From the analysis, students should have noticed that the main focus is on two data points: GC pause time, and memory usage/usage rate after GC.

The diagram of this GC event is shown below:

57974076.png

Full GC Log Analysis #

After analyzing the first GC event, we should have a general pattern in mind. Let’s take a look at the log for another GC event:

2019-12-15T15:18:37.081-0800: 0.908:
  [GC (Allocation Failure)
    2019-12-15T15:18:37.081-0800: 0.908:
    [DefNew: 156152K->156152K(157248K),0.0000331 secs]
    2019-12-15T15:18:37.081-0800: 0.908:
    [Tenured: 299394K->225431K(349568K),0.0539242 secs]
    455546K->225431K(506816K),
    [Metaspace: 3431K->3431K(1056768K)],
    0.0540948 secs]
  [Times: user=0.05 sys=0.00,real=0.05 secs]

From this, we can interpret the following information:

  1. 2019-12-15T15:18:37.081-0800: The start time of the GC event.
  2. [DefNew: 156152K->156152K(157248K),0.0000331 secs]: We have already interpreted this. Due to memory allocation failure, a young generation GC occurred. The same DefNew collector was used for this GC. Note that this garbage collection took 0.0000331 seconds, confirming that the young generation was not heavily processed in this GC event.
  3. Tenured: The name of the garbage collector used for cleaning up the old generation space. “Tenured” indicates the use of a single-threaded STW garbage collector using the “mark-sweep-compact” algorithm. 299394K->225431K(349568K) represents the usage of the old generation before and after GC, as well as the size of the old generation space. 0.0539242 secs is the time taken to clean up the old generation.
  4. 455546K->225431K(506816K): The usage of the entire heap memory before and after GC, as well as the available heap space size.
  5. [Metaspace: 3431K->3431K(1056768K)]: Changes in Metaspace. It can be observed that there was no significant change in Metaspace during this GC process.
  6. [Times: user=0.05 sys=0.00,real=0.05 secs]: The duration of the GC event, divided into user, sys, and real parts. Since the serial garbage collector uses only a single thread, “real=user+system”. The pause time of 50 milliseconds increased by about twice compared to the previous young generation GC. What does this time have to do with? The answer is: GC time has the greatest correlation with the total number of surviving objects after GC.

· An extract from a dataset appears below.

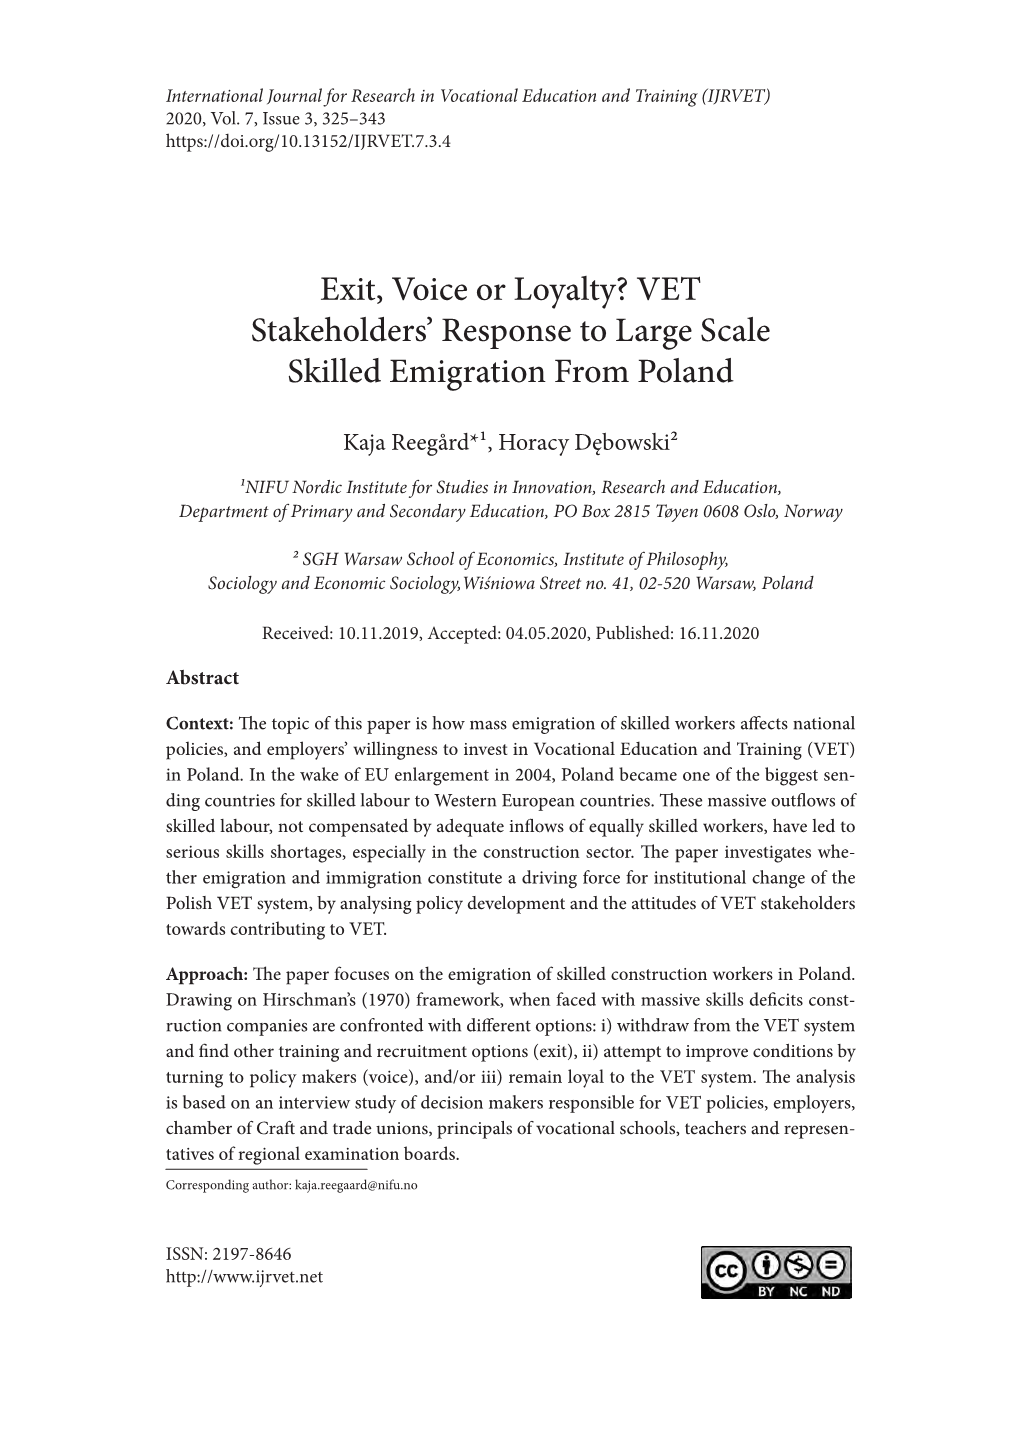 VET Stakeholders' Response to Large Scale Skilled Emigration

Further analyzing these data, the usage rate of the old generation after GC is: 225431K/349568K=64%. This ratio is not small, but it does not necessarily indicate a problem since the memory usage decreased after GC. Further observation is needed…

Compared to the young generation GC, a notable difference is that this GC event cleaned up the old generation and Metaspace.

Summary:

For FullGC, we mainly focus on whether the memory usage decreases after GC, and secondly on the pause time. As a rough estimate, after GC, the memory usage of the old generation is about 220MB and it takes 50ms. If the memory is increased by 10 times, the memory usage of the old generation after GC will also increase by 10 times, and the time may be 500ms or even higher, which will have a significant impact on the system. This is one of the reasons why we say that the performance of the serial GC is weak, and it is generally not used on the server side.

The memory change during this GC event can be represented by the following diagram:

839273.png

If there is almost no change in the young generation, what should we do? Because there are actually other GC log records in the context, we can interpret them according to this format.

Parallel GC Log Interpretation #

The parallel garbage collector uses the “mark-copy” algorithm for the young generation and the “mark-sweep-compact” algorithm for the old generation.

Garbage collection in both the young and old generations triggers a stop-the-world (STW) event, pausing all application threads to perform garbage collection. Multiple threads are used during the “mark” and “copy/compact” phases, hence the name “Parallel”.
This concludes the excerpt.